The MLST scheme for Klebsiella pneumoniae contains 7 genes and is as follows:

  • gapA - Glyceraldehyde-3-phosphate dehydrogenase A
  • infB - Translation initiation factor IF-2
  • Mdh - Malate dehydrogenase
  • Pgi - Glucose-6-phosphate isomerase
  • phoE - Outer membrane pore protein E
  • rpoB - RNA polymerase subunit B
  • tonB - Protein TonB
Fig #: MLST distribution across samples
Fig #: MLST distribution across samples
Fig #: MLST distribution across samples

Single Nucleotide Polymorphism (SNP) Analysis

SNP analysis compares genetic sequences across samples in search of single nucleotide differences. Even single nucleotide changes have been shown to drastically affect genetic expression, transcriptional mechanisms, and protein composition and configuration. Our team chose to compare these sites using kSNP3. kSNP relies on pre-existing string manipulation programs which k-merize the sequences based off of metrics of sequence similarity. kSNP3 also possess the ability to annotate these SNPs found in the genome based off either NCBI reference genomes or provided GenBank files.

Using self-contained scripts, we used a k-mer size of 23 and GenBank files from the Functional Annotation team, we analyzed both the whole sample population and our previously identified cluster of interest. Initial analysis of the trees generated by kSNP3 did not return clear phylogenetic groupings along phenotypic populations. The tree for our cluster of interest is listed below.

Fig #: SNP Tree generated from analysis of cluster of interest

After obtaining the trees and SNPs contained within, our focus shifted toward finding SNPs which were homogenous within and unique to our phenotypic populations.

Fig #: kSNP3 results of the cluster of interest

In the end, we were unable to discover any SNPs which were homogenous across our heteroresistant sample population and were not found in susceptible and/or resistant populations. This led us to the conclusion that heteroresistance was not being caused by single nucleotide polymorphisms.

Conclusion

We were unable to identify any genetic determinants of heteroresistance to fosfomycin from our analyses. As the samples are highly genetically similar, any differences we found using GWAS and kSNP analysis did not correlate with resistance phenotype.

References

Castañeda-García A, Blázquez J, Rodríguez-Rojas A. Molecular Mechanisms and Clinical Impact of Acquired and Intrinsic Fosfomycin Resistance. Antibiotics. 2013;2(2):217–236.

Nikolaidis I, Favini-Stabile S, Dessen A. Resistance to antibiotics targeted to the bacterial cell wall. Protein Science. 2014;23(3):243–259.

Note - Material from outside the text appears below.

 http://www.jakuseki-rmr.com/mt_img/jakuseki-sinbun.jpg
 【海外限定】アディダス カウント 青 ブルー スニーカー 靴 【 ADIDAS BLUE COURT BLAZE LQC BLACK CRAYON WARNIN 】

Kidd TJ, Mills G, Sá‐Pessoa J, Dumigan A, Frank CG, Insua JL, Ingram R, Hobley L, Bengoechea JA. A Klebsiella pneumoniae antibiotic resistance mechanism that subdues host defences and promotes virulence. EMBO Molecular Medicine. 2017;9(4):430–447.

Guo Q, Tomich AD, Mcelheny CL, Cooper VS, Stoesser N, Wang M, Sluis-Cremer N, Doi Y. Glutathione-S-transferase FosA6 of Klebsiella pneumoniae origin conferring fosfomycin resistance in ESBL-producing Escherichia coli. Journal of Antimicrobial Chemotherapy. 2016;71(9):2460–2465.

Thorpe HA, Bayliss SC, Sheppard SK, Feil EJ. Piggy: A Rapid, Large-Scale Pan-Genome Analysis Tool for Intergenic Regions in Bacteria. 2017.

Gardner SN, Slezak T, Hall BG. kSNP3.0: SNP detection and phylogenetic analysis of genomes without genome alignment or reference genome: Table 1. Bioinformatics. 2015;31(17):2877–2878.

Kim M, Oh H-S, Park S-C, Chun J. Towards a taxonomic coherence between average nucleotide identity and 16S rRNA gene sequence similarity for species demarcation of prokaryotes. International Journal Of Systematic And Evolutionary Microbiology. 2014;64(Pt 5):1825–1825.